DYLD_LIBRARY_PATH=../lib:../stubdata:../tools/ctestfw:$DYLD_LIBRARY_PATH  ../bin/gendict -i ./out/build/icudt70l -c --bytes --transform offset-0x0e00 ./brkitr/dictionaries/thaidict.txt ./out/build/icudt70l/brkitr/thaidict.dict
Codepoint U+002e out of range for --transform offset-0e00!
make[1]: *** [out/build/icudt70l/brkitr/thaidict.dict] Error 1

I then ran the gendict command that the ICU build was making directly and I got the same error:

/usr/local/opt/icu4c/bin/gendict -c --bytes --transform offset-0x0e00 ~/Downloads/thaidict_no_space.txt ~/Downloads/thai.dict
Codepoint U+002e out of range for --transform offset-0e00!

Code point U+002e in the file is the full stop character. I removed it, then similar errors occurred for the usage of hyphen, slashes, numbers etc. and I removed them one by one until I ended up with another error:

gendict: got failure of type U_ILLEGAL_ARGUMENT_ERROR while serializing, if U_ILLEGAL_ARGUMENT_ERROR possibly due to duplicate dictionary entries

I think I must have deleted the lines containing these bad characters than just deleting the characters themselves, but I will pause here -- hoping that perhaps you had attached the wrong file :)

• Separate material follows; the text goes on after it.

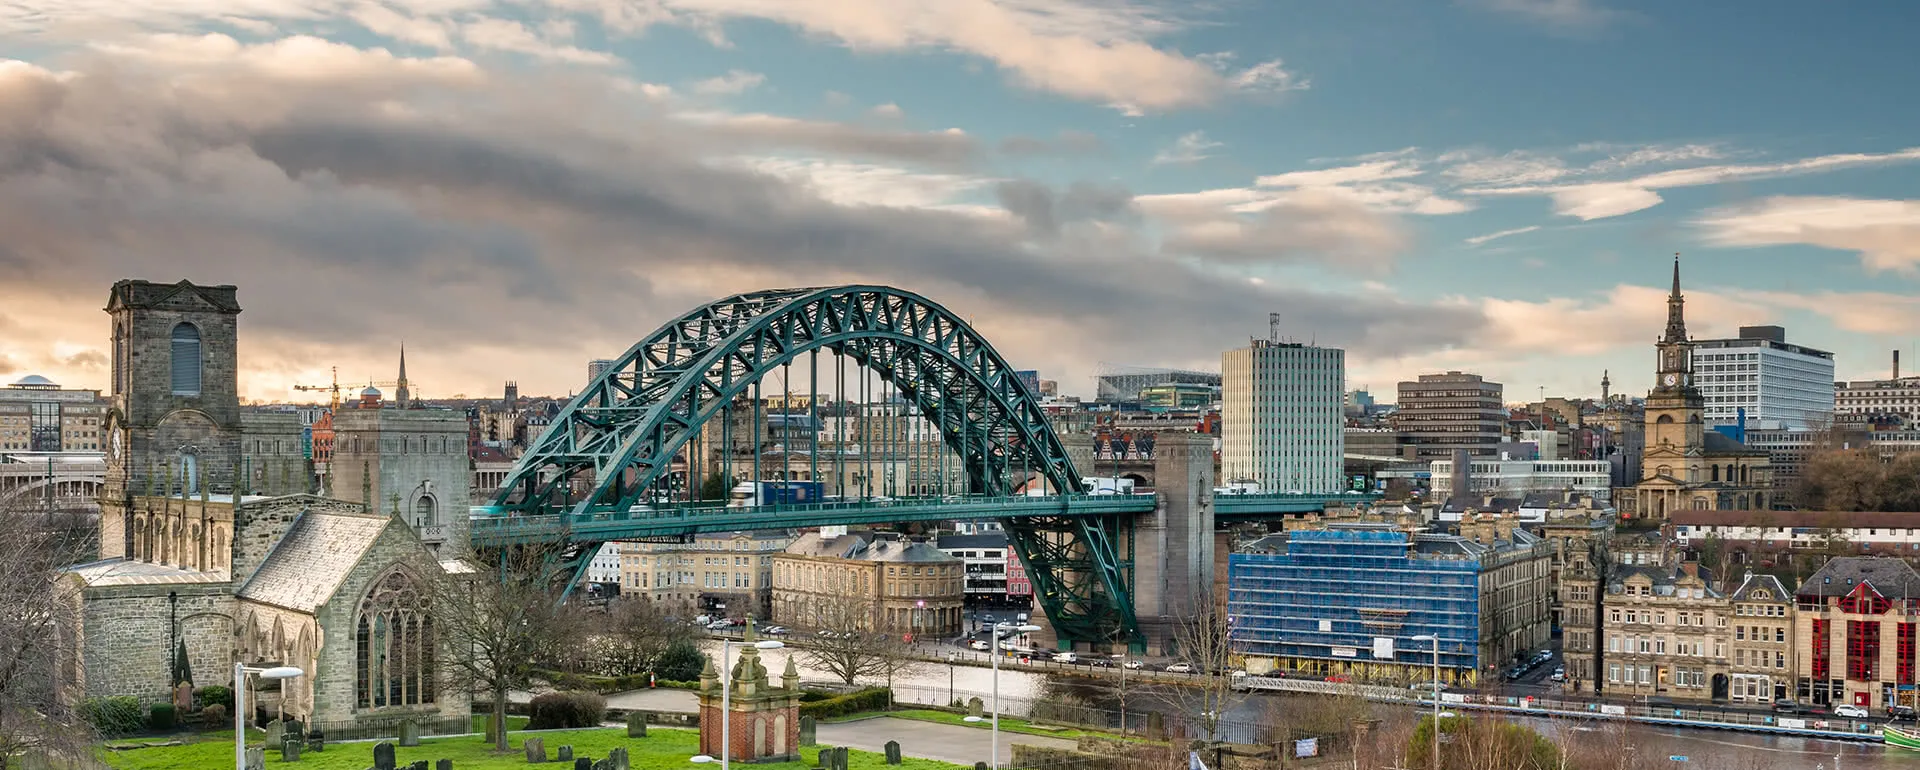 Newcastle upon Tyne - the destination for company trips

The text was updated successfully, but these errors were encountered:

artt · 2021-06-21T03:21:02Z

Thanks. I only tried gendict but didnt' try to build ICU entirely. Will see what I get :)

BTW, here's what I did for gendict:

> gendict --uchars ~/Downloads/thaidict_no_space.txt ~/Downloads/thai.dict
> gendict: done writing	~/Downloads/thai.dict (1s).

kishorenc · 2021-06-21T04:17:11Z

You just need to make the gendict command I've posted above build with those options. If that works, the build the will work.

artt · 2021-06-21T04:31:44Z

This should work now with a clean build. I basically removed all the words with offending characters ( , ,, -, 2, and maybe a few others) Please let me know how it goes!
thaidict_no_space.txt

kishorenc · 2021-06-22T08:27:11Z

@artt This time ICU built fine, but the two examples we picked (ความเหลื่อมล้ำ and เหลื่) are still not getting tokenized correctly. ความเหลื่อมล้ำ is not split at all, while เหลื่ is being split as before. It looks like there are just fundamental issues with the ICU library that can't be fixed by just updating the dictionary 😞

artt · 2021-06-22T10:12:27Z

@kishorenc Thanks!

It's not very surprising that ความเหลื่อมล้ำ is not split (since it appears as a word in the dictionary), and that เหลื่ is split (since เห is a word, while เหลื่ is not).

I think this solves most of the issues I raised earlier. The only problem I could think of right now is if the user searches for a substring of the word (like เหลื่อมล้ำ), Typesense wouldn't be able to find it.

One solution I could think of off the top of my head is to have a pre-made mapping that tells if a word is a substring of other words (so เหลื่อมล้ำ is a substring of ความเหลื่อมล้ำ), and when a user queries a word, include all of its "superstring" in the query as well. Not sure if this is practical though.

In any case, is there a Typesense version I could try to see issues with this new dictionary? Thanks again!

Edit

I take that back. Looked back at #228 and I think the problem this time is the dictionary is filled too much with compound words :( For example, ความเหลื่อมล้ำ shouldn't be an entry. I'll try to find a way to fix the dictionary and make this acceptable (any other Thais here?) In the meantime, I wonder how other search engines like ElasticSearch does it.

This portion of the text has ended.